Tuesday, March 10, 2009

It's good to have dated a Biochemist!

Thanks to Cheryl for translating this Neupogen jargon:

Jargon: Neupogen is a granulocyte colony-stimulating factor (G-CSF): Colony-stimulating factors are glycoproteins which act on hematopoietic cells by binding to specific cell surface receptors and stimulating proliferation, differentiation commitment, and some end-cell functional activation.

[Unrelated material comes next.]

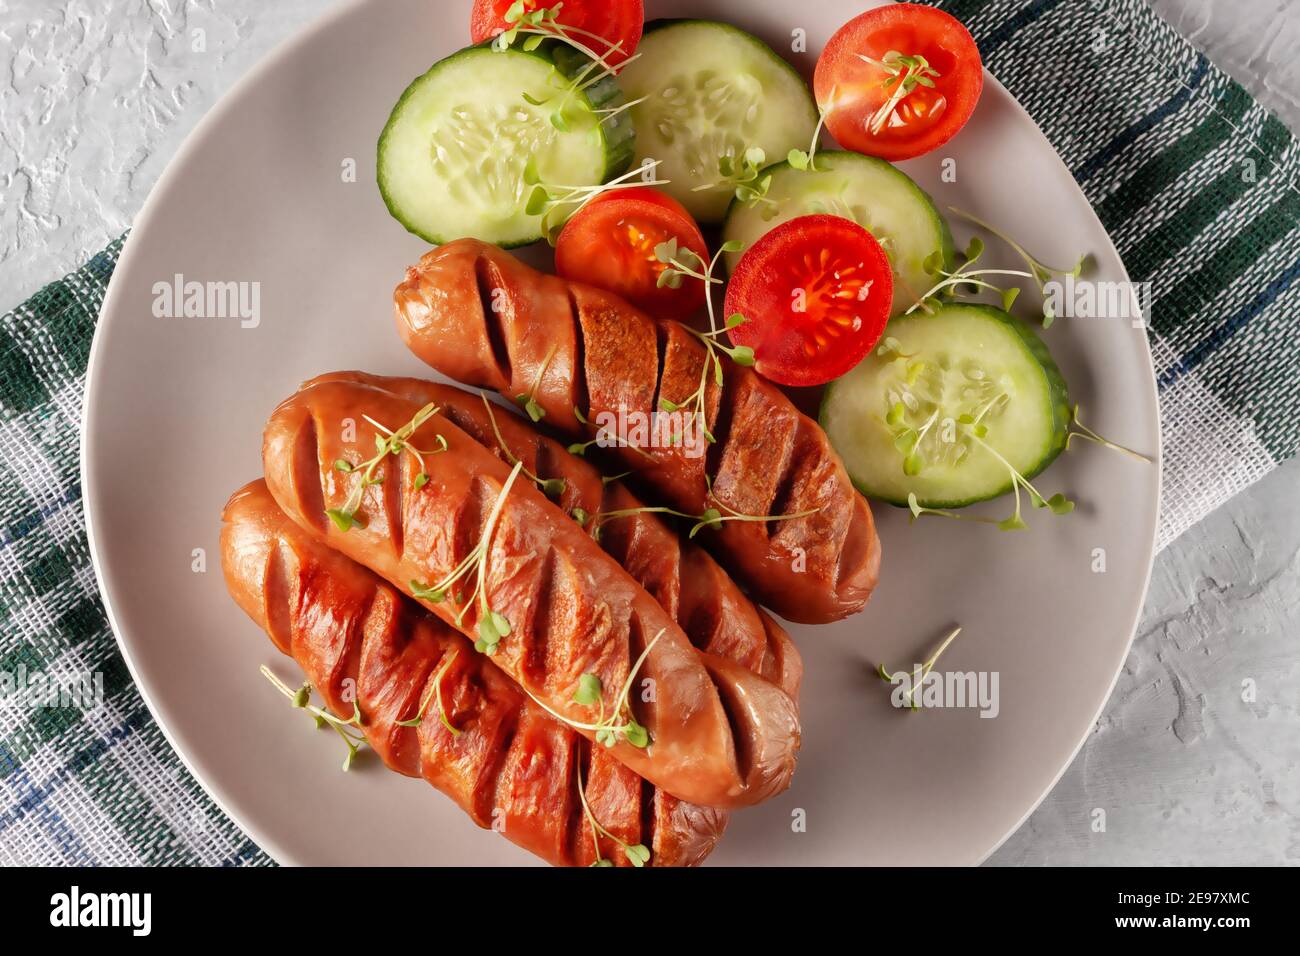 Grilled sausages with fresh vegetables are on the platter Stock Photo

Translation: Neupogen is a protein that has sugars attached to it (that is what 'glyco' means...and for your purpose, really not useful information b/c what you are given does not have the sugars on it as E.coli cannot make proteins with these sugars hanging off them). The way it works is that it stimulates the cells in the bone marrow, hematopoietic cells, to produce more white blood cells (granulocytes). The way it stimulates the cells is that it goes through a 'cell signaling' process...think of this as a chain reaction.....The neupogen is floating around, it binds on the outside of the cell to a receptor (think of a key fitting into a lock). The receptor is changed in a way that it sends a signal to the interior of the cell and tells the cell's machinery to make white blood cells.

1 comment:

  1. Bill,

    Just one slight addition here -- the glyco part is rather significant. It is these sugars that lead to the inter- and intra-cellular communication and are critical in your immune system's ability to do its work.